Ligericus sum, nil Ligeris a me alienum puto.

Histoires en série d'une chaussure terre à terre.

Odyssée ordinaire et plantaire.

Une petite fable pour ne pas lasser le lecteur.



    Revenons à la réalité prosaïque de nos petits clubs en oubliant les divagations cordonnières de la chaussure haute technologie. Ici le soulier ne connaît pas la diversité, l'amateur ne dispose pas d'une vaste panoplie d'outils pour affronter les pelouses de la région.

    Bien heureux déjà celui qui peut compter jusqu'à deux pour faire la paire. Le négligent en laisse souvent au moins une à la maison et s'aperçoit de la bourde en ouvrant son sac dans le vestiaire adverse. C'est la consternation dans les rangs des compagnons de celui qui n'est pas unijambiste et se trouve donc dépourvu d'un élément indispensable à la pratique de sa passion.
    Satisfait celui qui maintient match après match, sa paire chérie encore en vie. Il la rafistole, l'emballe, la colmate tant bien que mal au grand dam d'un trésorier qui voit d'un mauvais œil cet acharnement thérapeutique qui lui coute si cher en 'Élastoplast'. Pourtant, jusqu'à leur trépas, il ne se séparera pas de ces épaves qui le font gagner, il en est persuadé.

    Bricoleur ce garçon qui se déplace avec dans son sac, pinces et embases, tir fond et crampons, marteau et clef anglaise. Avant chaque match, il change ses crampons, s'énerve et brise un pas de vis. Il démonte, remonte, râle et s'emporte. Il sort bon dernier de ce qui lui sert d'atelier dominical et évite ainsi une bonne partie de l'échauffement. Il fera la suite en levant le pied.
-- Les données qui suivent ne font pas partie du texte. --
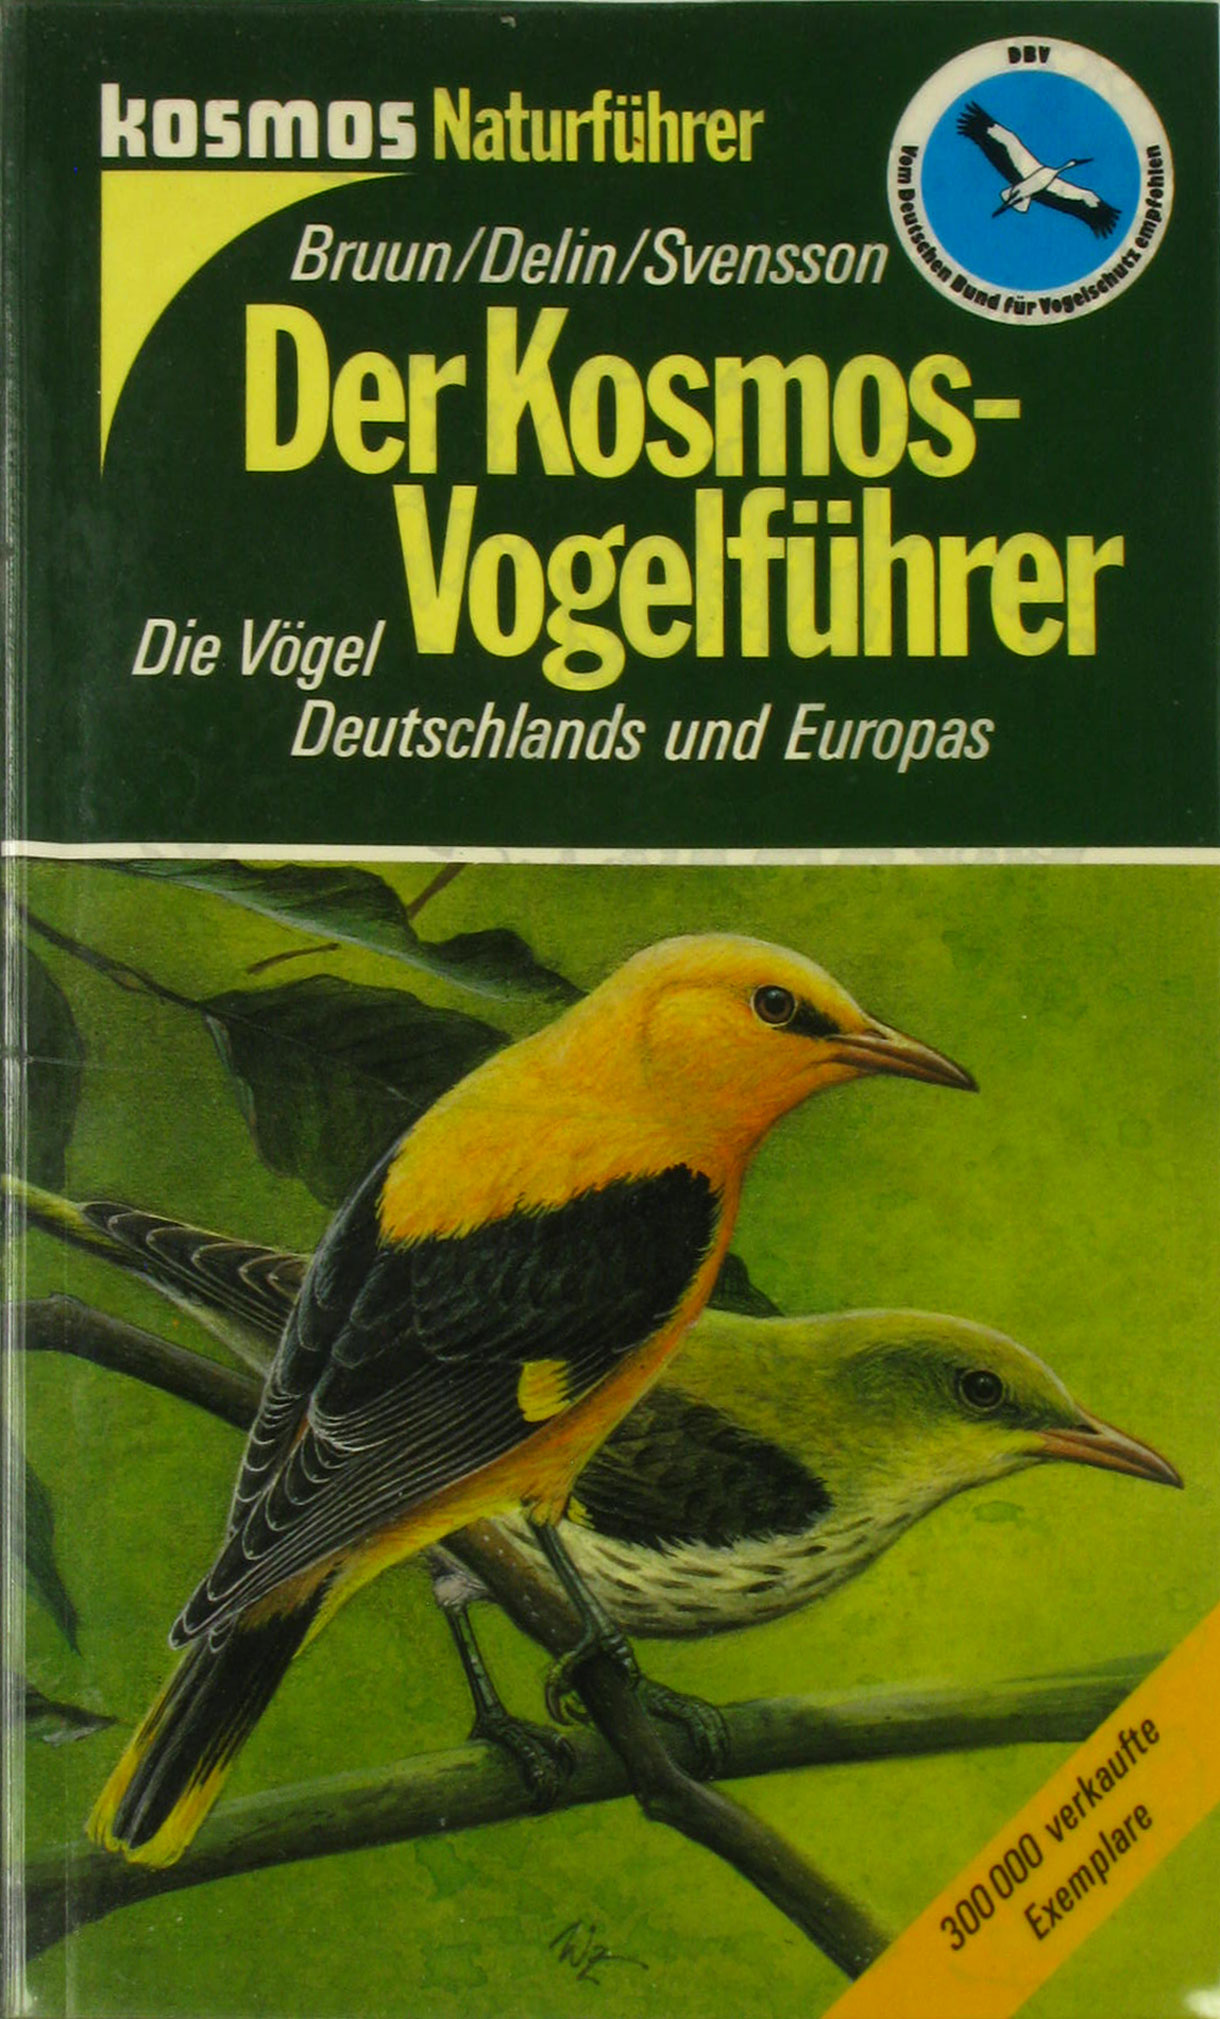 Bruun, Bertel, Hakan Delin und Lars Svensson:  Der Kosmos-Vogelführer. Die Vögel Deutschlands und Europas.

    Étonné ce dépensier invétéré qui se veut toujours à la pointe de la mode sportive. Il dépense sans compter dans le soulier coloré, profilé et estampillé d'une marque célèbre. Il réserve la surprise de la nouvelle acquisition pour un jour de match à la maison. Avant la première mi-temps, il appellera au secours pour qu'on aille lui chercher une autre paire plus ordinaire. Il finira perclus
d'ampoules.

    Agenouillé ce roi du lacet défait. Il se refuse à les couper, ne parvient jamais à réaliser le nœud qui tient toute une partie. S'arrête à tout moment pour refaire une boucle double et se prend parfois les pieds dans celle-ci. Curieusement, dans les vestiaires, après un match bien dénoué, il ne parviendra pas à se défaire de ses chaussures si attachantes.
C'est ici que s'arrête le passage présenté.